Exercise aim >>
Your job is to return the whole listing unchanged while skipping its images.

Dataset content >>

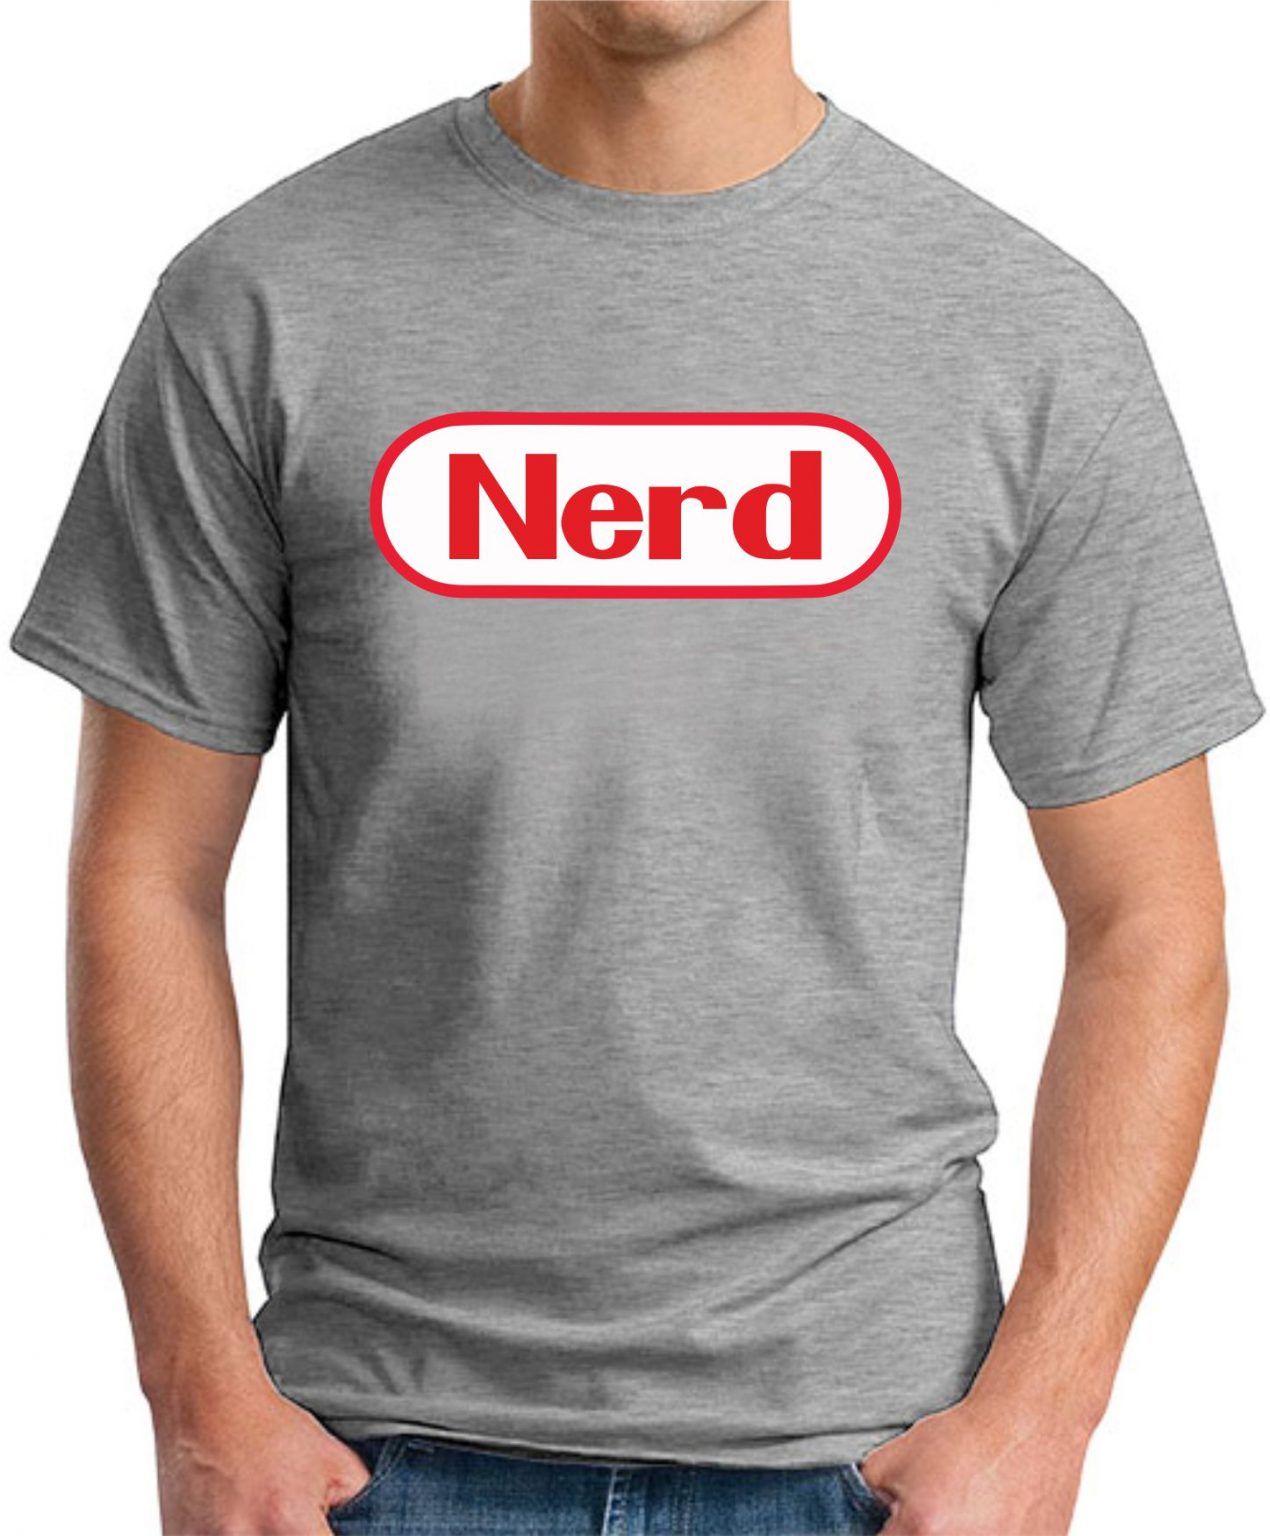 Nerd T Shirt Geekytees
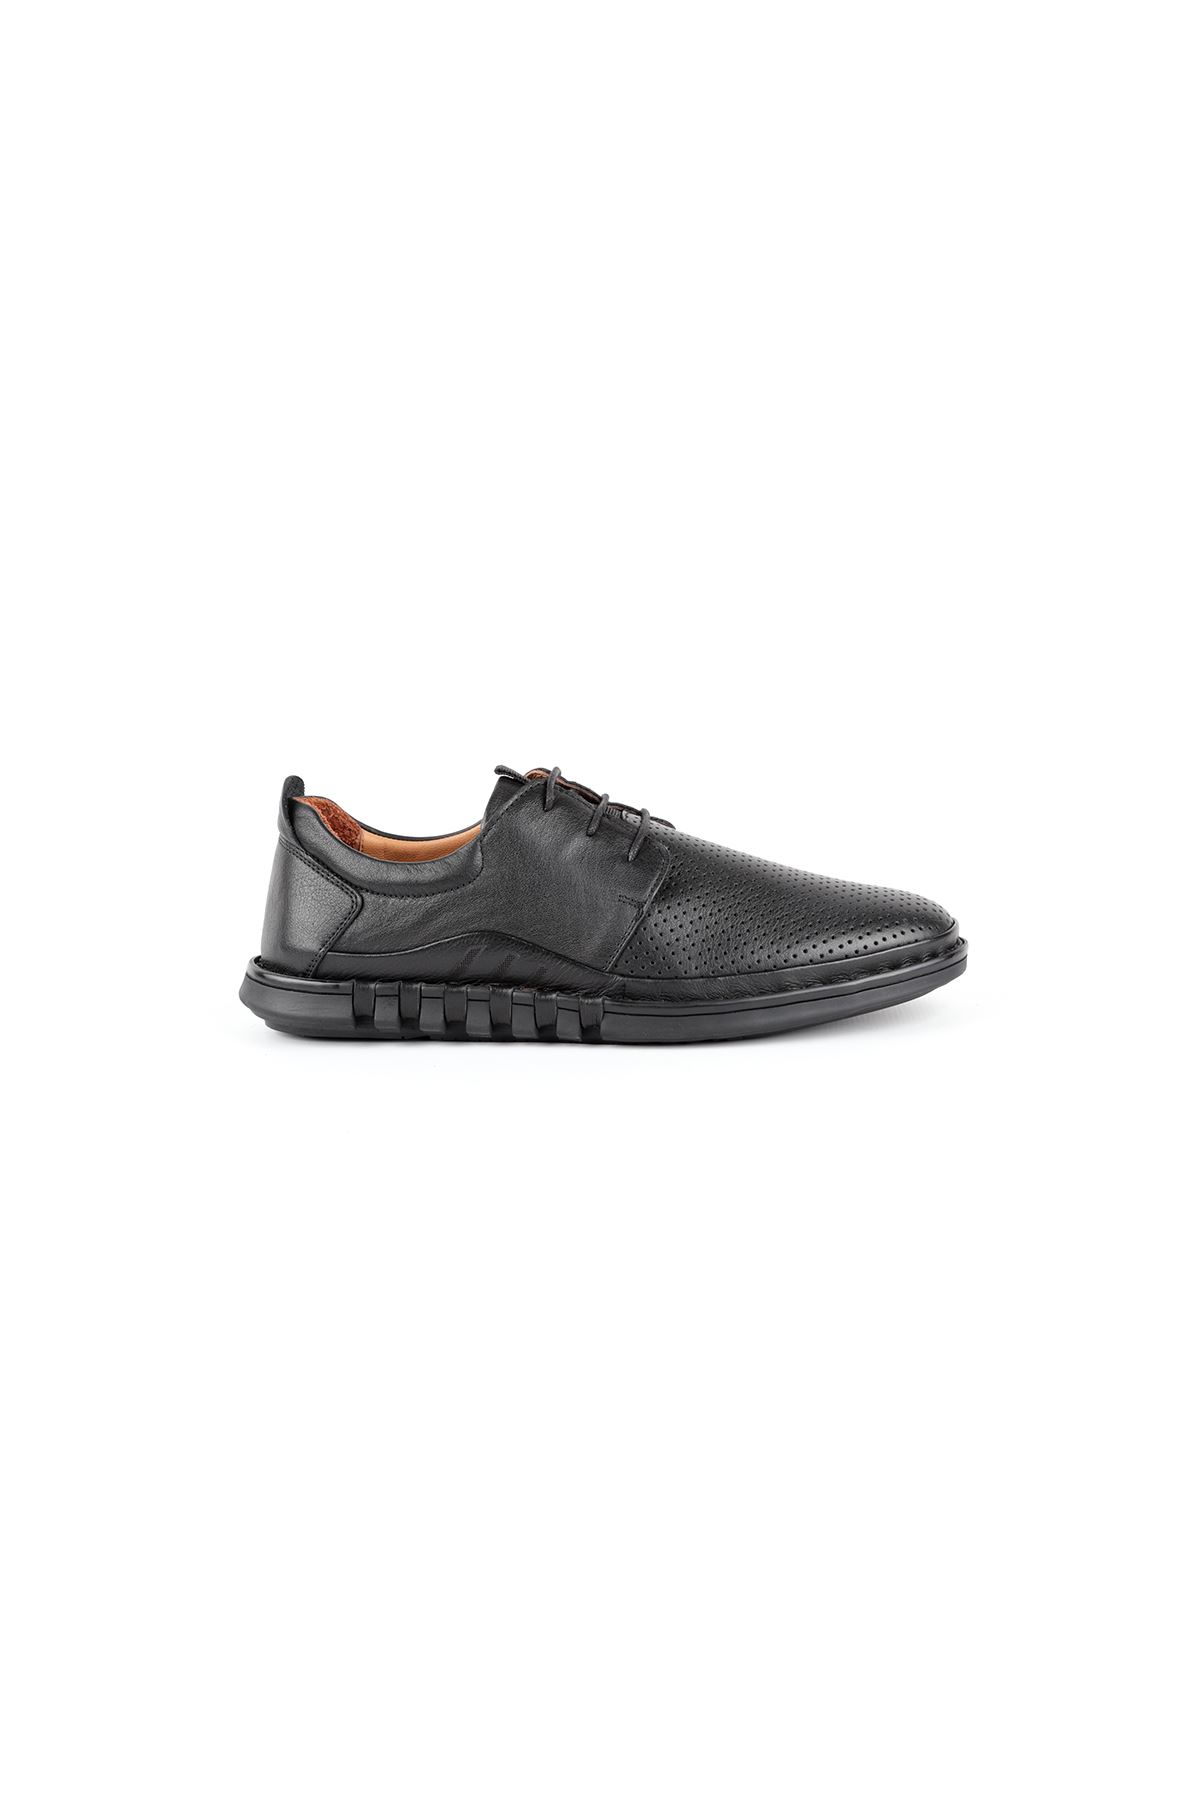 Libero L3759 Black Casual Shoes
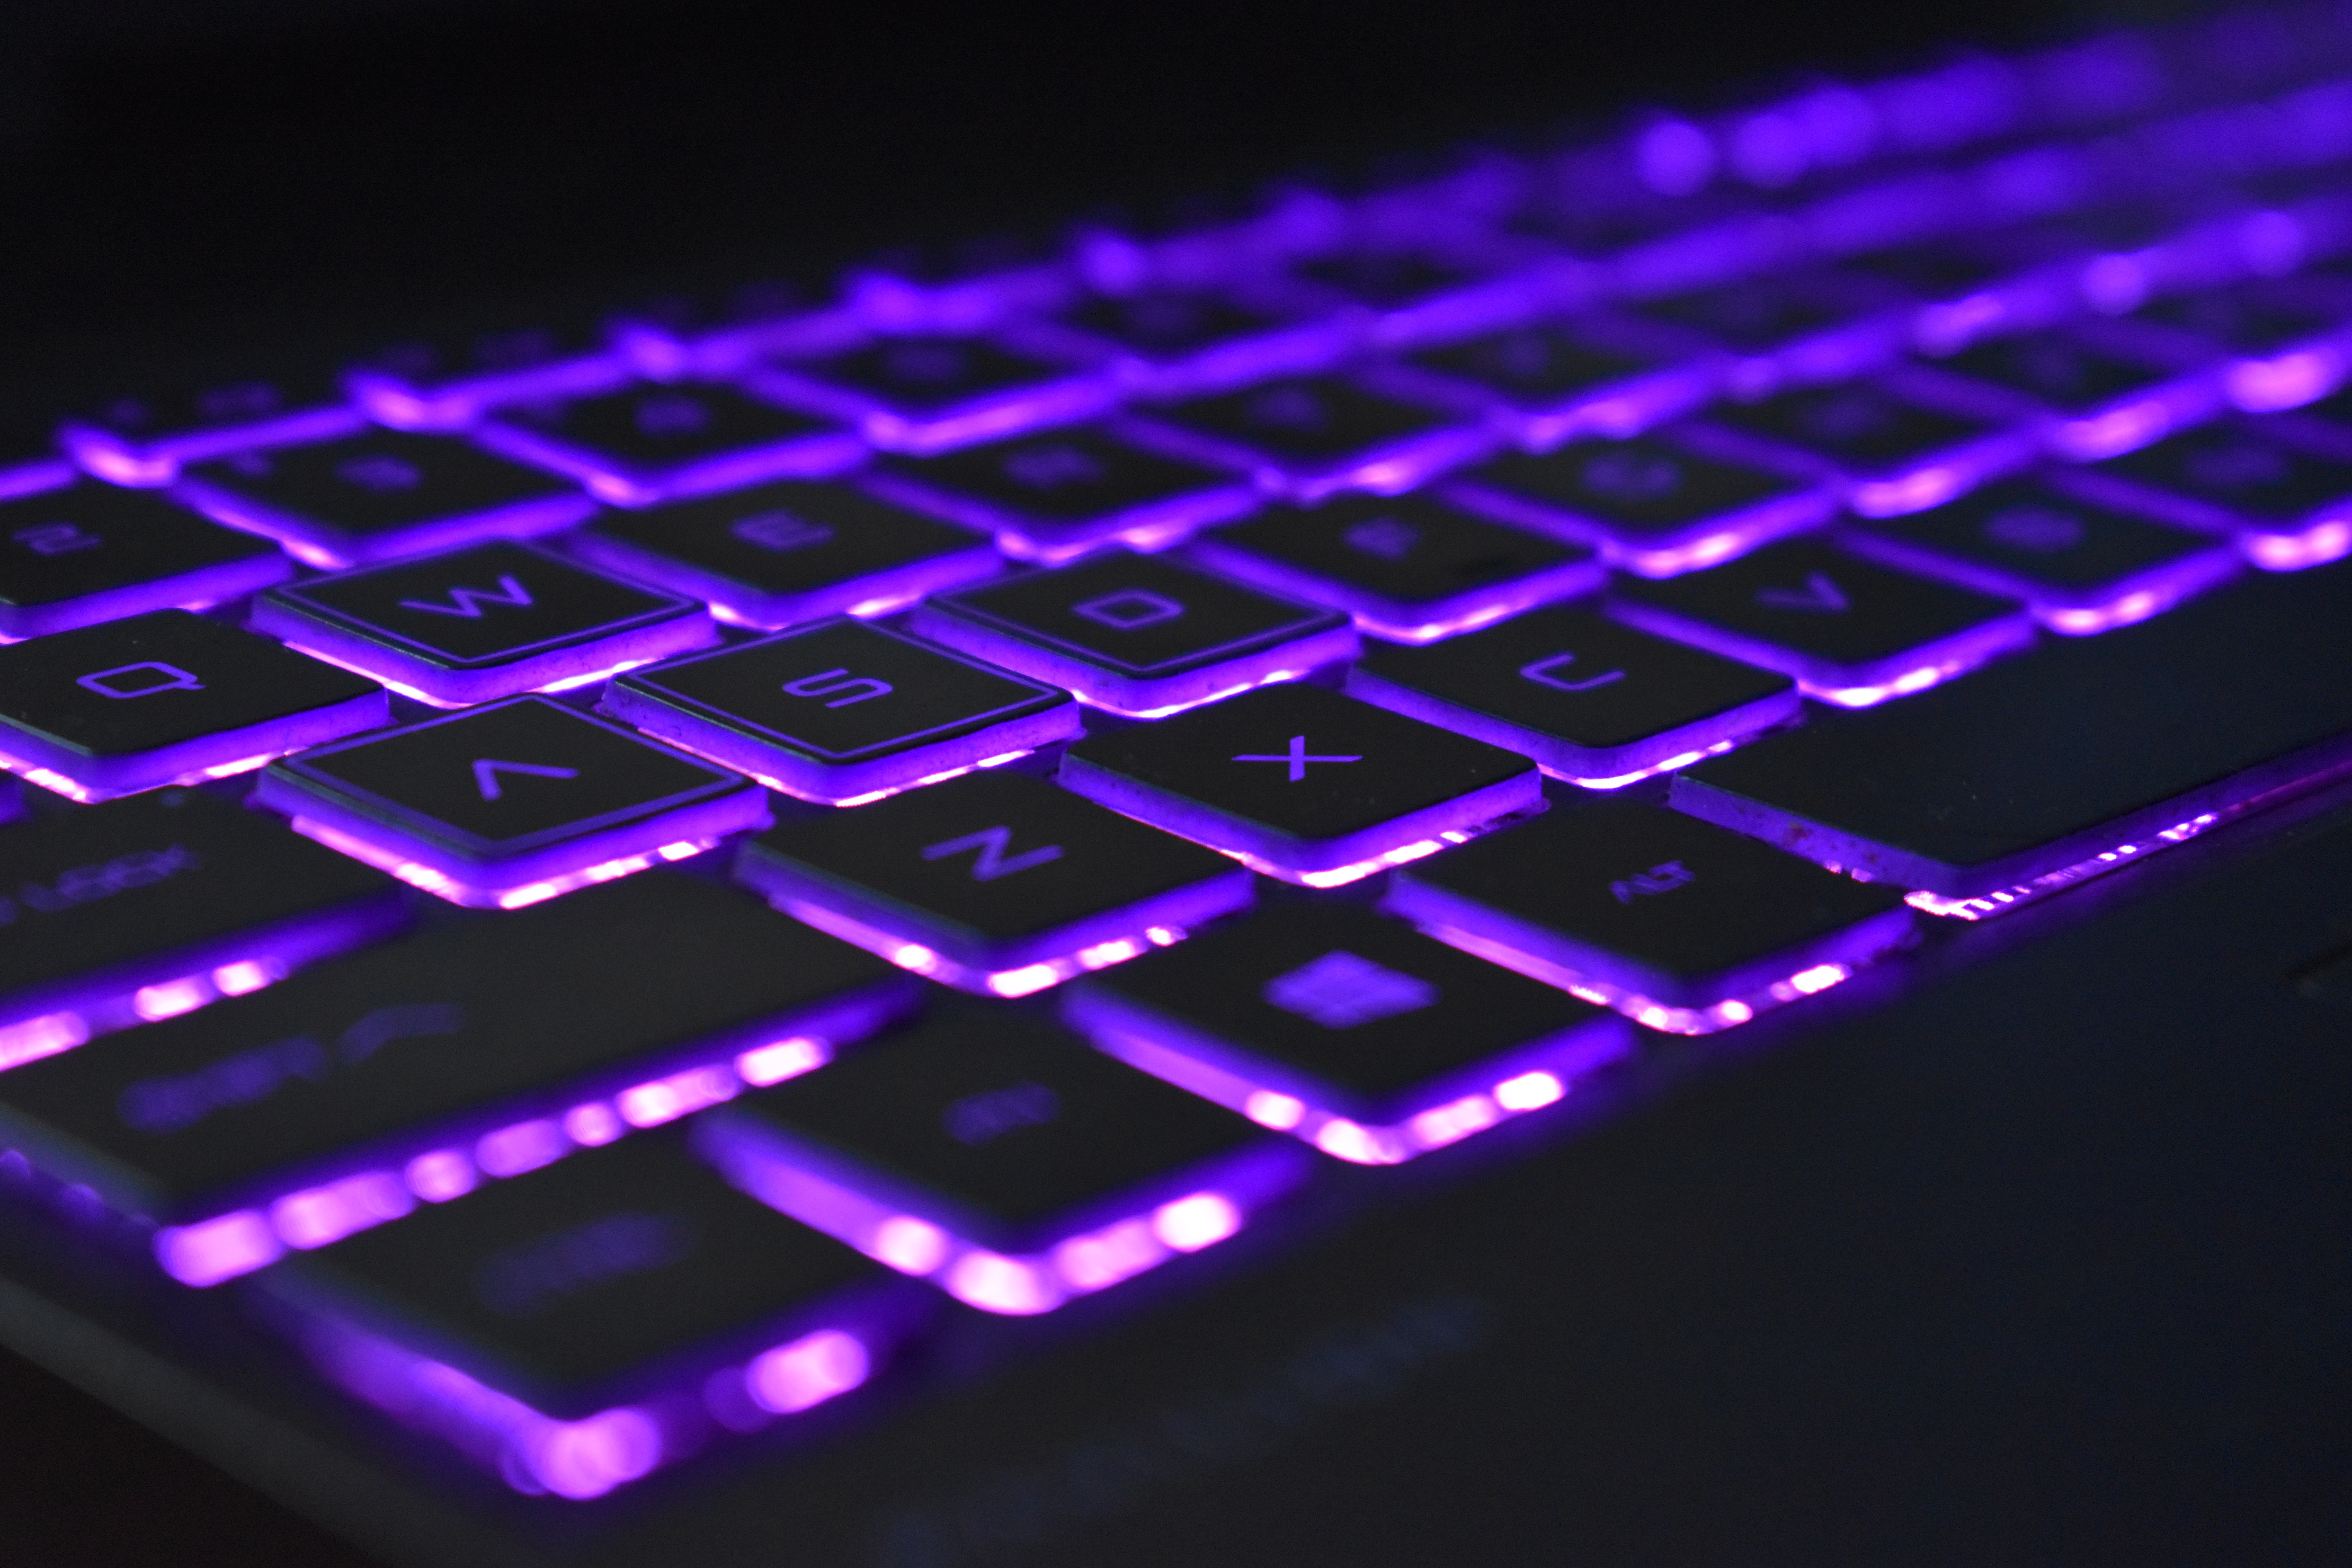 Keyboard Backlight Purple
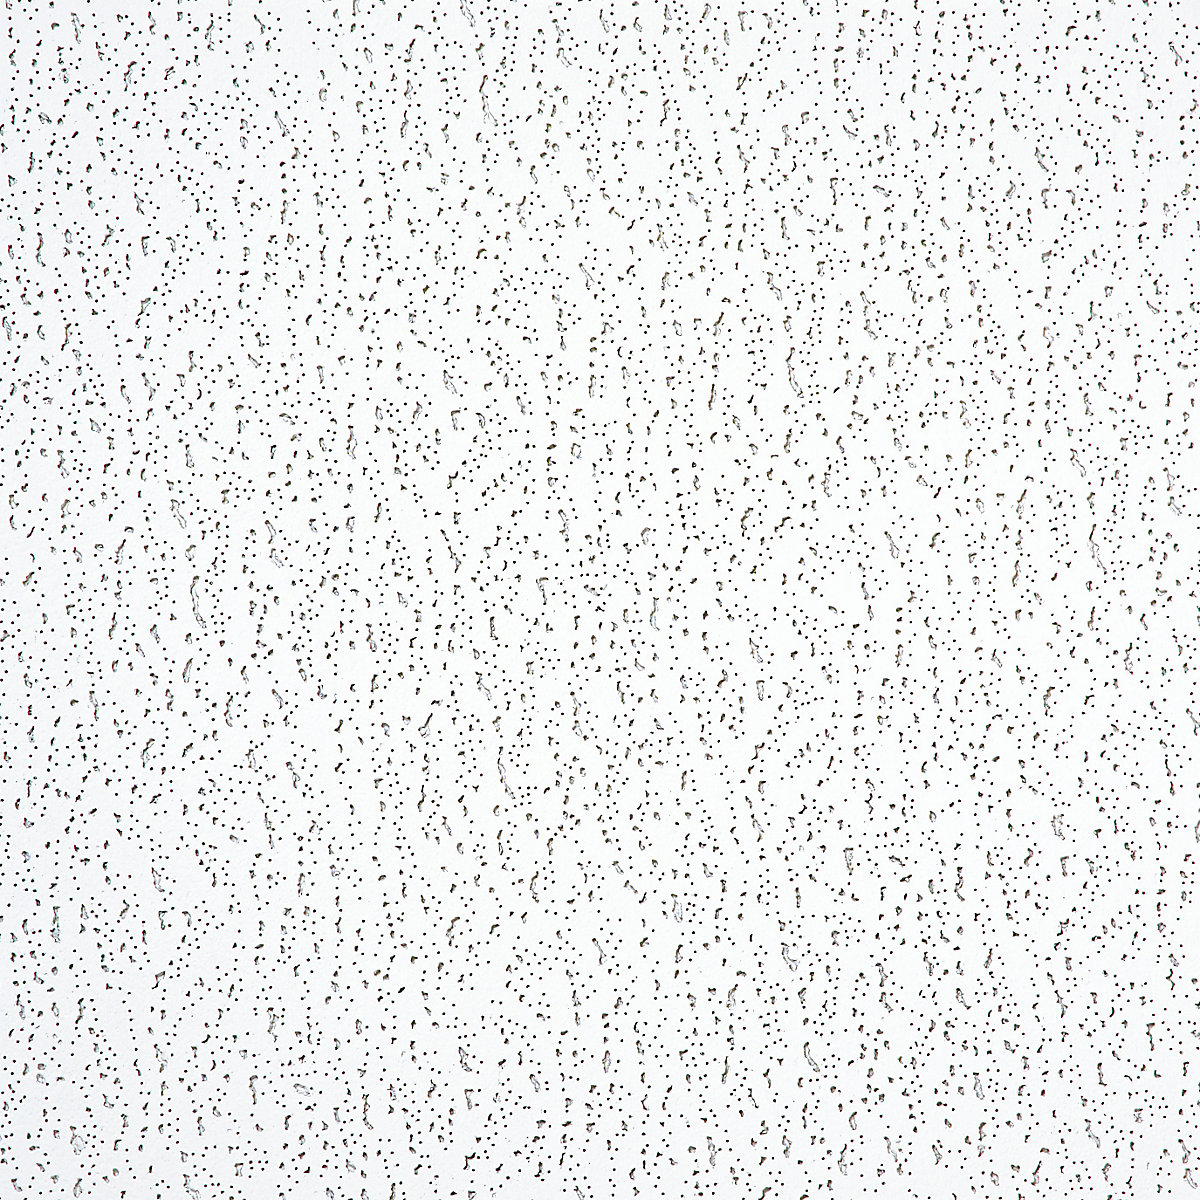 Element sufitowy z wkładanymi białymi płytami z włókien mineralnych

Task answer >>
 Nerd T Shirt Geekytees
 Libero L3759 Black Casual Shoes
 Keyboard Backlight Purple
 Element sufitowy z wkładanymi białymi płytami z włókien mineralnych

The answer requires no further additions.